The USDA-OAO 1890 Program has assigned a USDA 1890 Program Liaison at each of the 1890 Land-Grant Universities for the purpose of maintaining an established partnership between the USDA and 1890 Land-Grant Universities that are committed to research and technology development being delivered to the public through various extension programs. WVSU is one of 19 such universities in the nation.

“I’ve been building relationships with administrators and department heads, learning the campus and community culture, and tweaking my tactics to meet student needs,” Montgomery said.

Montgomery has broadened his recruiting efforts beyond agriculture to include such areas as science, technology, engineering and mathematics, as well as business, while seeking out collaborative opportunities with the 4-H and agriculture divisions of WVSU Extension Service. To reach students, he has become a frequent presence in the University’s student union and cafeteria, armed with program information.

“It’s that personal touch that can really reach students,” he said.

A Mississippi native, Montgomery attended Alcorn State University, an 1890 Land-Grant University, where he was guided by a USDA 1890 Program Liaison. While in college, the relationship established with the liaison resulted in Montgomery gaining an internship with USDA-Natural Resource Conservation Service (NRCS) in Minnesota.

“Through that experience, I learned how to become a stronger professional,” he said.

The opportunity later resulted in Montgomery receiving a full-time career position with the USDA-NRCS at the completion of his master’s degree program at the University of Arkansas-Fayetteville. Having gained multiple years of experience at various locations in Minnesota, Montgomery returned to Mississippi to work for the USDA-Risk Management Agency. Then the position at WVSU became available.

“I applied for the position because I was at a point in my career where I desired to give back,” he said. “When I received the tentative offer via phone, I accepted it on blind faith.”

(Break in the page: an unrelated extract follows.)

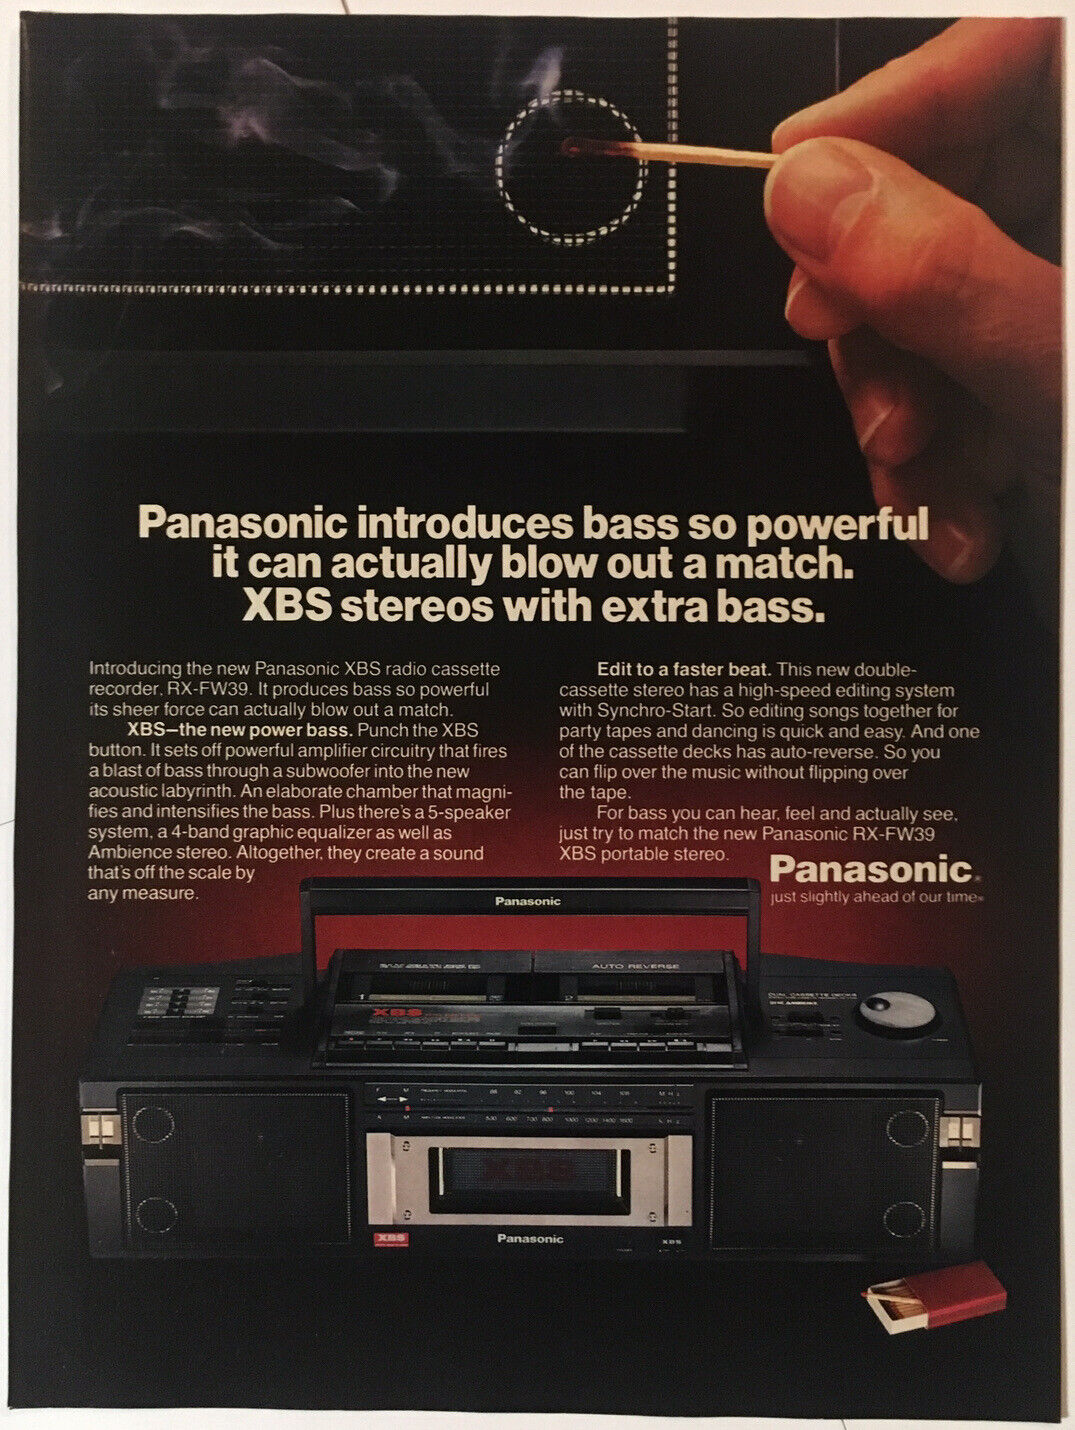 Panasonic XBS Stereo 1987 Vintage Print Ad 8x11 Inches Wall Decor
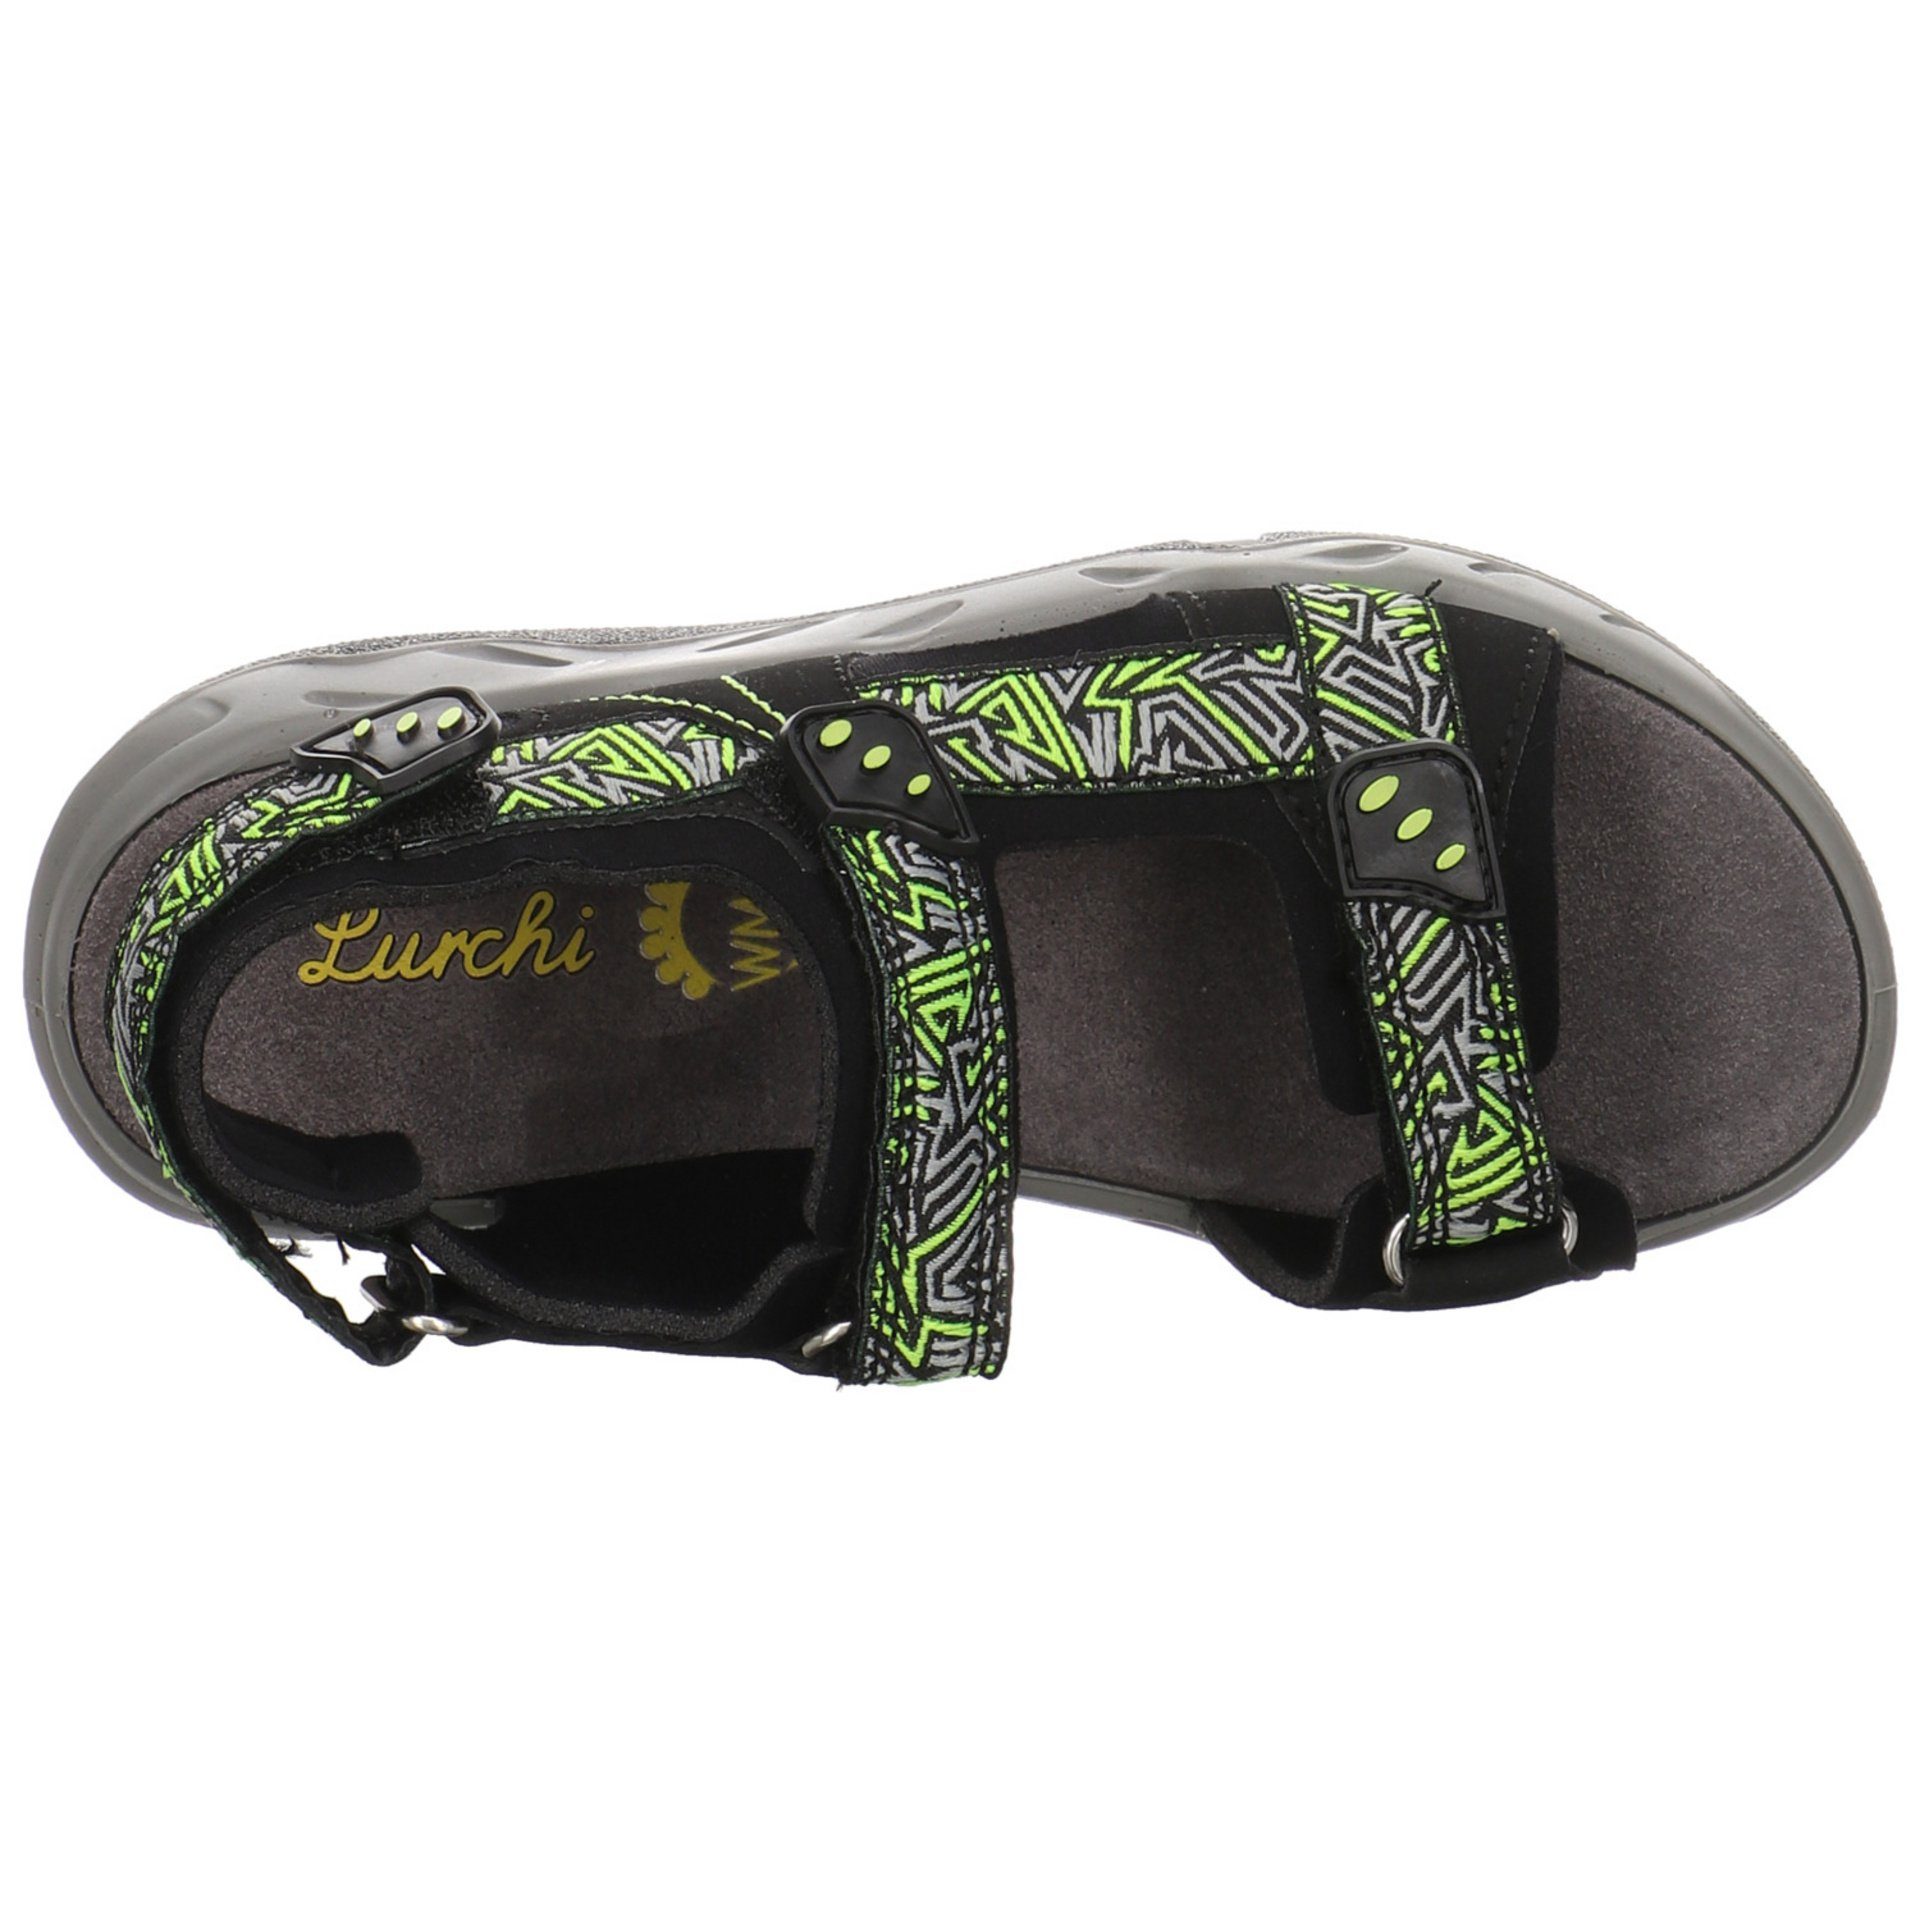 Sandale Lurchi Salamander Kinderschuhe Synthetikkombination Black Schuhe Multi Jungen Odono Sandale Sandalen

Montgomery said he left his job in Mississippi on a Thursday, arrived in West Virginia on Friday, looked at an apartment and signed a lease. Prior to this time, he had not been to West Virginia - a whirlwind decision that brought him full circle.

“At age 19, I received an internship offer from the USDA-NRCS in Minnesota. I’d never been there before and had never even flown on a plane,” he said. “However, I accepted the offer, flew in, was taken to a small town named St. James and moved into an apartment. Now, many years later, I’m essentially doing the same thing.”

So far, the decision has proven to be a good one. One of his recent successes involves WVSU student Anna Walker who, thanks to Montgomery’s guidance, became one of six students in the nation to receive the John Deere Scholarship.

“Mr. Montgomery cleared time to speak with me and took my desire to apply seriously,” Walker said. “No one in my life had ever taken the time to actually care about my success before. His belief in me actually made me believe in myself.”

It’s that kind of rapport that Montgomery was hoping to develop with students at WVSU, enabling him to achieve his personal goal of giving back.

“I want to help students,” he said, “and help professionally develop people the same way somebody helped me.”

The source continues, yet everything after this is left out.